Mystery Of The 80 Million-Year-Old Sharks’ Teeth In The City Of David
Conny Waters - AncientPages.com - A cache of fossilized shark teeth unearthed in a 2900-year-old site in the City of David in Jerusalem is an ancient puzzle to researchers. This find should not be found in this area.
This is at least 80 km from where these fossils would be expected to be found. There is no conclusive proof of why the cache was assembled, but it may be that the 80 million-year-old teeth were part of a collection, dating from just after the death of King Solomon.
Judean Hills. Image credit: David Shankbone - CC BY-SA 3.0
The same team has now unearthed similar unexplained finds in other parts of ancient Judea.
"These fossils are not in their original setting, so they have been moved. They were probably valuable to someone; we just don't know why, or why similar items have been found in more than one place in Israel," Dr.

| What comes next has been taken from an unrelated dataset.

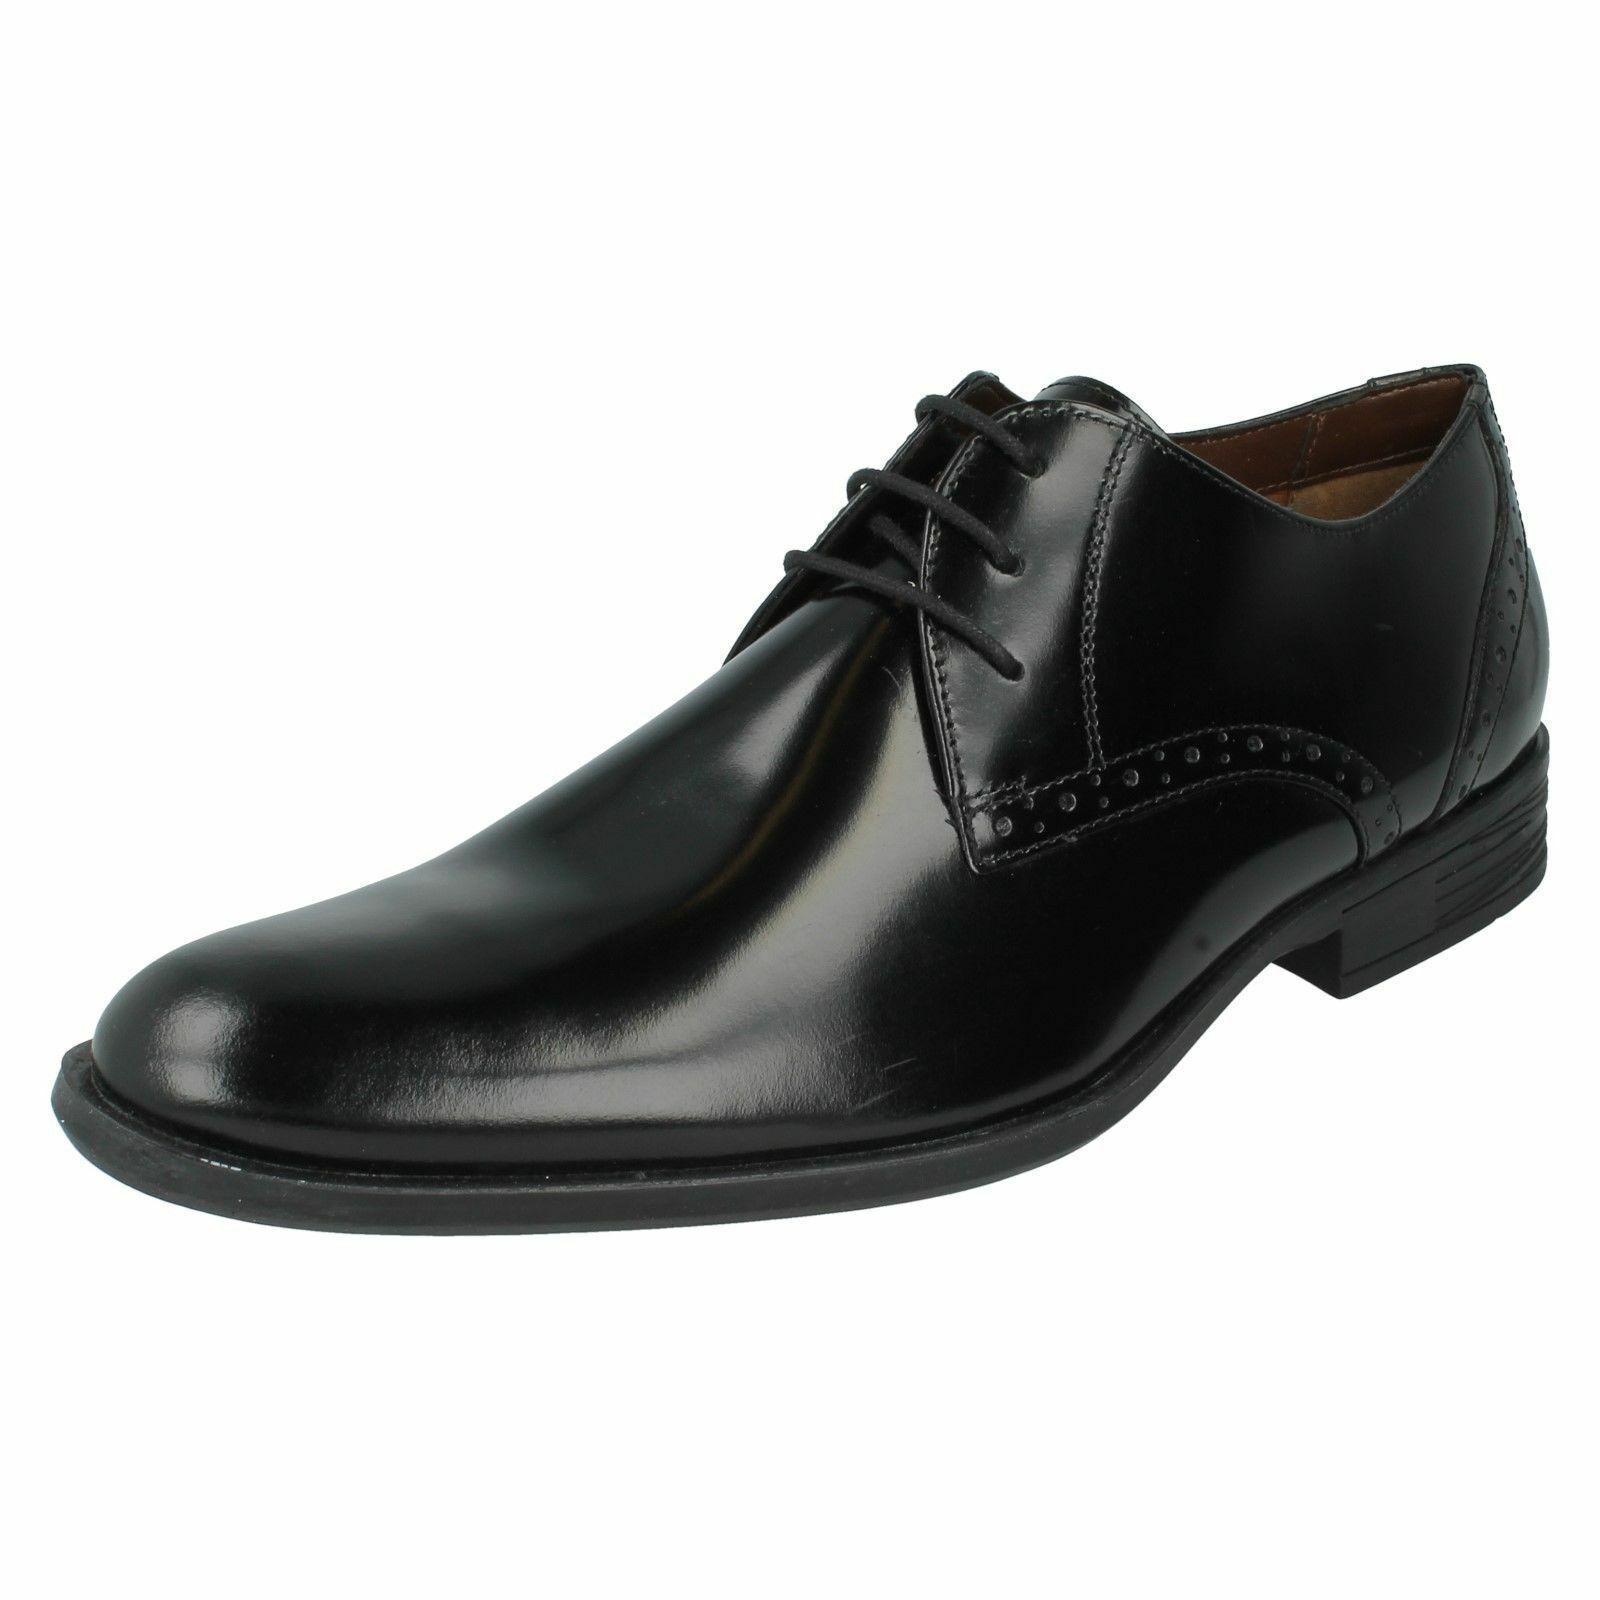 Herren Hush Puppies Schwarz Poliert Leder Formelle Schuhe Style Kensington

Thomas Tuetken from the University of Mainz, Institute of Geosciences said.
The teeth were found buried in the material used to fill in a basement before conversion to a large Iron-Age house. The house itself was situated in the City of David, one of the oldest parts of Jerusalem, found nowadays in the largely Palestinian village of Silwan. They were found together with fish bones thrown away as food waste 2900 years ago, and other infill material such as pottery.
Intriguingly, they were found together with hundreds of bullae—items used to seal confidential letters and packages—implying a possible connection with the administrative or governing class at some point. Normally archaeological material is dated according to the circumstances where it is found, and so at first, it was assumed that the teeth were contemporary with the rest of the finds.

"We had at first assumed that the shark teeth were remains of the food dumped nearly 3000 years ago, but when we submitted a paper for publication, one of the reviewers pointed out that one of the teeth could only have come from a Late Cretaceous shark that had been extinct for at least 66 million years. That sent us back to the samples, where measuring organic matter, elemental composition, and the crystallinity of the teeth confirmed that indeed all shark teeth were fossils," Dr. Tuetken said.
Their strontium isotope composition indicates an age of about 80 million years.
This confirmed that all 29 shark teeth found in the City of David were Late Cretaceous fossils—contemporary with dinosaurs. More than that, they were not simply weathered out of the bedrock beneath the site, but were probably transported from afar, possibly from the Negev, at least 80 km away, where similar fossils are found".
Since the first finds, the team has found other shark teeth fossils elsewhere in Israel, at the Maresha and Miqne sites. These teeth are also likely to have been unearthed and moved from their original sites.
"Our working hypothesis is that the teeth were brought together by collectors, but we don't have anything to confirm that. There are no wear marks which might show that they were used as tools, and no drill holes to indicate that they may have been jewelry.," Dr. Tuetken said.
"We know that there is a market for shark's teeth even today, so it may be that there was an Iron Age trend for collecting such items. This was a period of riches in the Judean Court. However, it's too easy to put 2 and 2 together to make 5. We'll probably never really be sure".
Map of the main water bodies and potential fish habitats of Egypt and the Southern Levant: Mediterranean Sea, Red Sea, upper Nile River, the brackish Lake Manzala on the Nile delta, the hypersaline Bardawil Lagoon in northern Sinai, and the freshwater Lake Kinneret and Jordan River, its main tributary, in northern Israel. Image source
The shark teeth which have been identified come from several species, including from the extinct Late Cretaceous group Squalicorax. Squalicorax, which grew to between 2 and 5 meters long, lived only during the Late Cretaceous period (which was the same period as the late dinosaurs), so acts as a reference point in dating these fossils.
"This research by Dr. Tuetken and colleagues is an excellent example of why it is so important to approach a research question with as few assumptions as possible, and how sometimes we have to revisit our initial assumptions. It also highlights how beneficial it can be to apply multiple tools to answer a research question. In this case, the authors used both strontium and oxygen isotopes, as well as X-ray diffraction and trace element analysis to establish the most likely age and origin of the fossil teeth," Dr. Brooke Crowley from the University of Cincinnati, commented.
See also: More Archaeology News
"It was a monumental work but these efforts have revealed a much more interesting story about the people who lived in this region in the past. I am very excited by this work and hope that one day, we might be able to unravel the mystery of why these fossil teeth are being recovered from cultural deposits".